I remember receiving a whole series of injections into the muscles from one very prominent medic. At the end of the session, he asked me, “Do you feel better?” I shook my head and then he shook his. “There’s nothing more I can do for you,” he said, sadly. After I left his room, his nurse rushed to hold me. I was shaking and ashen and broken. “Can I get you water or something?” she asked. “A gun, if you have one,” I replied. I cried all the way home in the car that night.

And then I found hope. My doctor referred me to the man considered to be the top spinal specialist in the country. I was told that he only sees those he thinks he can help, based on his analysis of their MRI scans. So when he agreed to see me I was thrilled. Clearly, he thought he could help me. There was light at the end of the tunnel. The surgery was scheduled for May 20, 2015. The three weeks leading up to it were full of hope. I couldn’t wait to go under the knife. I couldn’t wait to be pain free after one whole year of agony.

I had the surgery. Four screws and a titanium bolt were placed in my back at L4/S1. The doc pronounced it a success. I should begin to feel better within a few weeks.

But it never happened. If anything, I felt worse, and the disappointment was tremendous. I was on more medication than ever before, I was spending longer in bed, I felt capable of doing nothing.

I began to see a counselor, and to try to practice mindfulness. I read several books on healing back pain and to read testimonies of people who had recovered from chronic pain. But nothing seemed to help me. Nothing worked.

And then a new scan showed that the screws inserted during my surgery were loose. The fusion had not healed. The surgeon recommended we do it again. And so I was full of hope once more. No wonder I still had pain with all those loose screws rattling around in my back.

The second surgery took place on November 2nd. The doc reported that no healing had taken place at all from the first op, that the bone was very brittle, and that he’d like to support the fusion by going in from the front via the abdomen. And so I had a second op on November 18th. It was tough. My blood pressure collapsed and they spent the night trying to get it back up.

I was just out of hospital when my father died unexpectedly, increasing my emotional turmoil.

Even worse, these surgeries were no more successful than the first, except that now I had seven screws instead of four. So bad was the pain that they took me back into hospital for two weeks before Christmas for pain management.
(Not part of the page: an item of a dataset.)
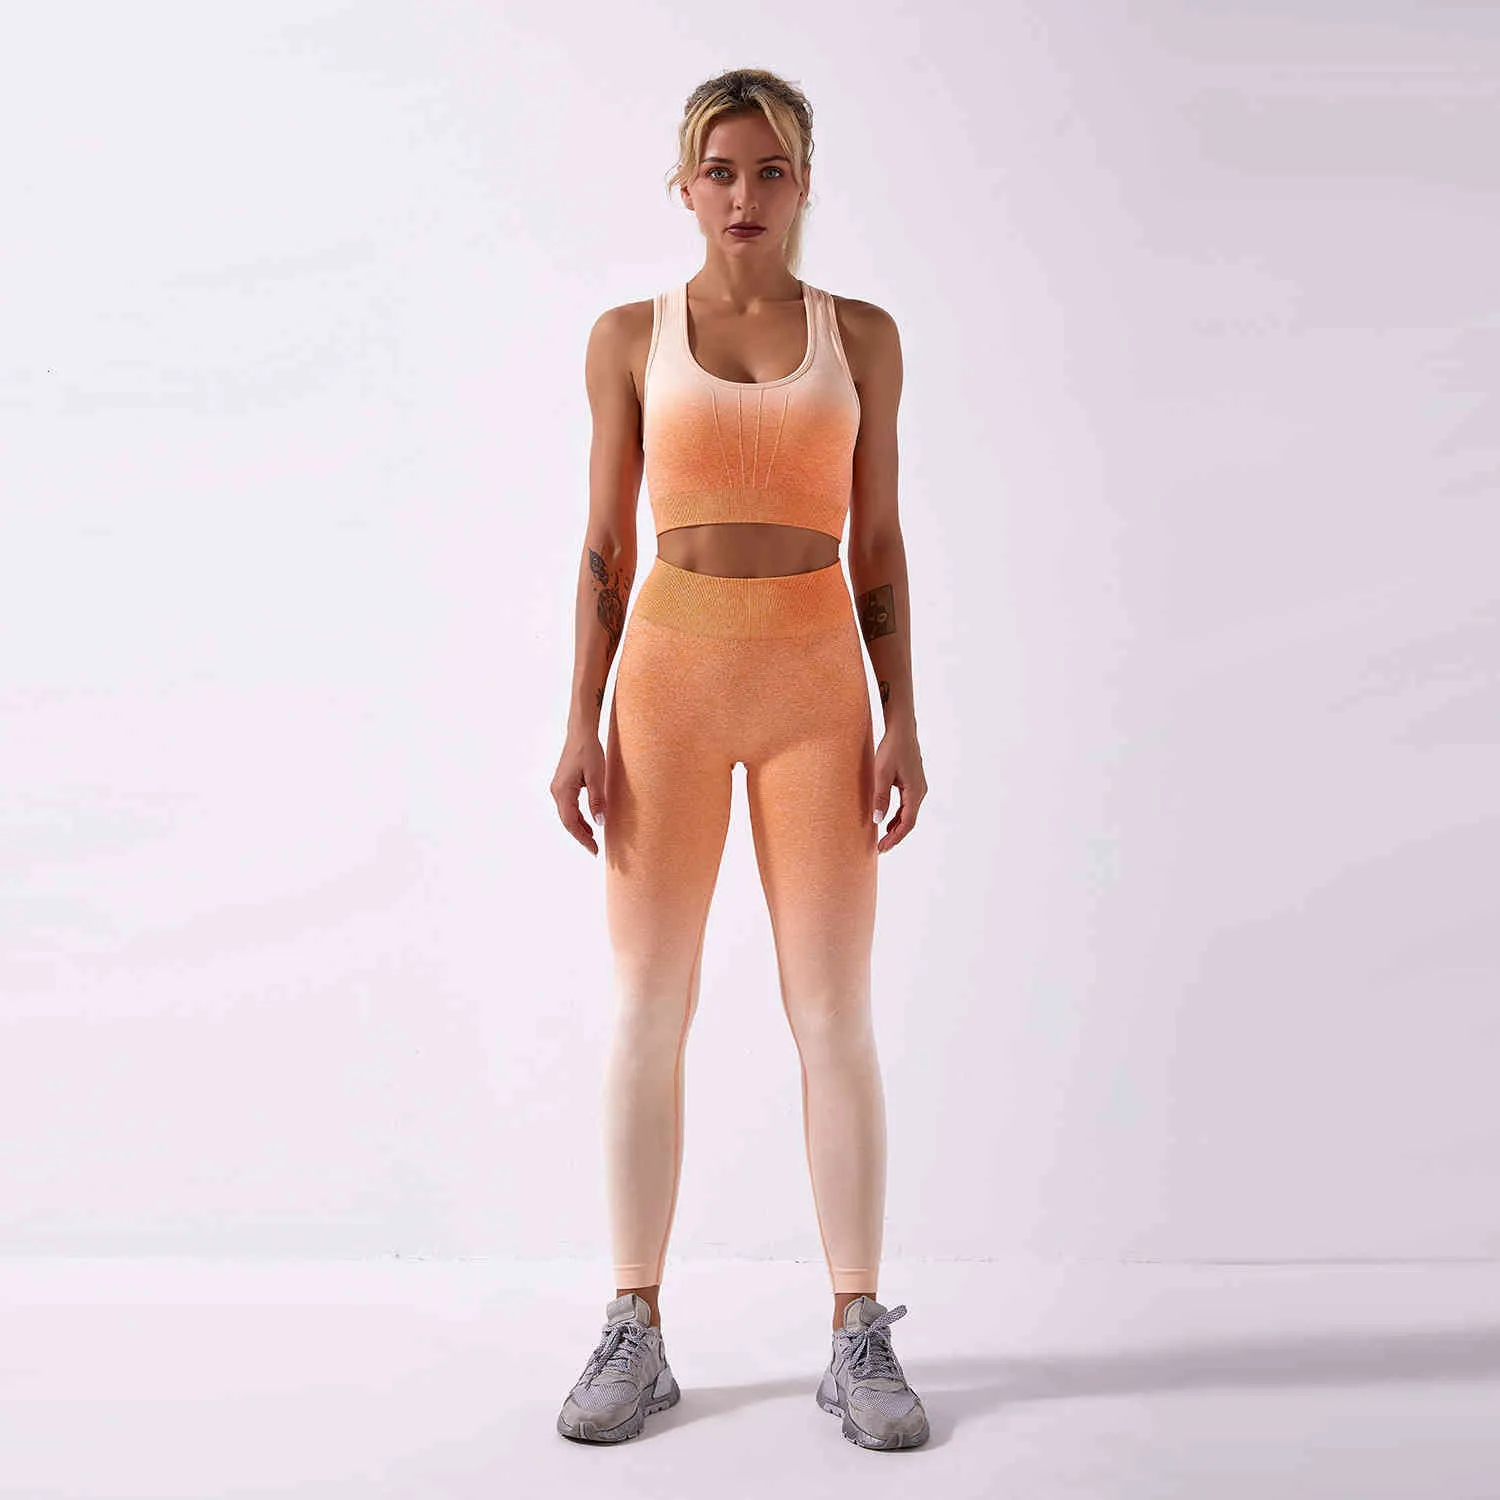 Womens Seamless Gradient Yoga Suit Knitted Aybl Sports Bra And Tie Dye  Pants For Fitness, Autumn Winter Workout Apparel From Boromir88, $40.81

All the hope I had for the back surgeries turned to intense regret that I had them at all. So much pain, so much trauma to my body and for nothing.

The constant chronic pain has left me broken in mind and spirit as well as in body. So many days I have wept bitter tears. So many days I have given into hopelessness and despair. People have encouraged me to unite my sufferings with the sufferings of Christ and thus participate in the great mystery of salvation. But I must confess that this doesn’t help me much.

Many times in the last few months, as disappointment followed disappointment, I have considered ending it all. I cannot imagine going on for another year, not to mind the rest of my life, with this kind of pain. I am not able to endure it. I try to keep going for the sake of my mother and my family. Every day I make it through alive is one less day of pain that they would have to face.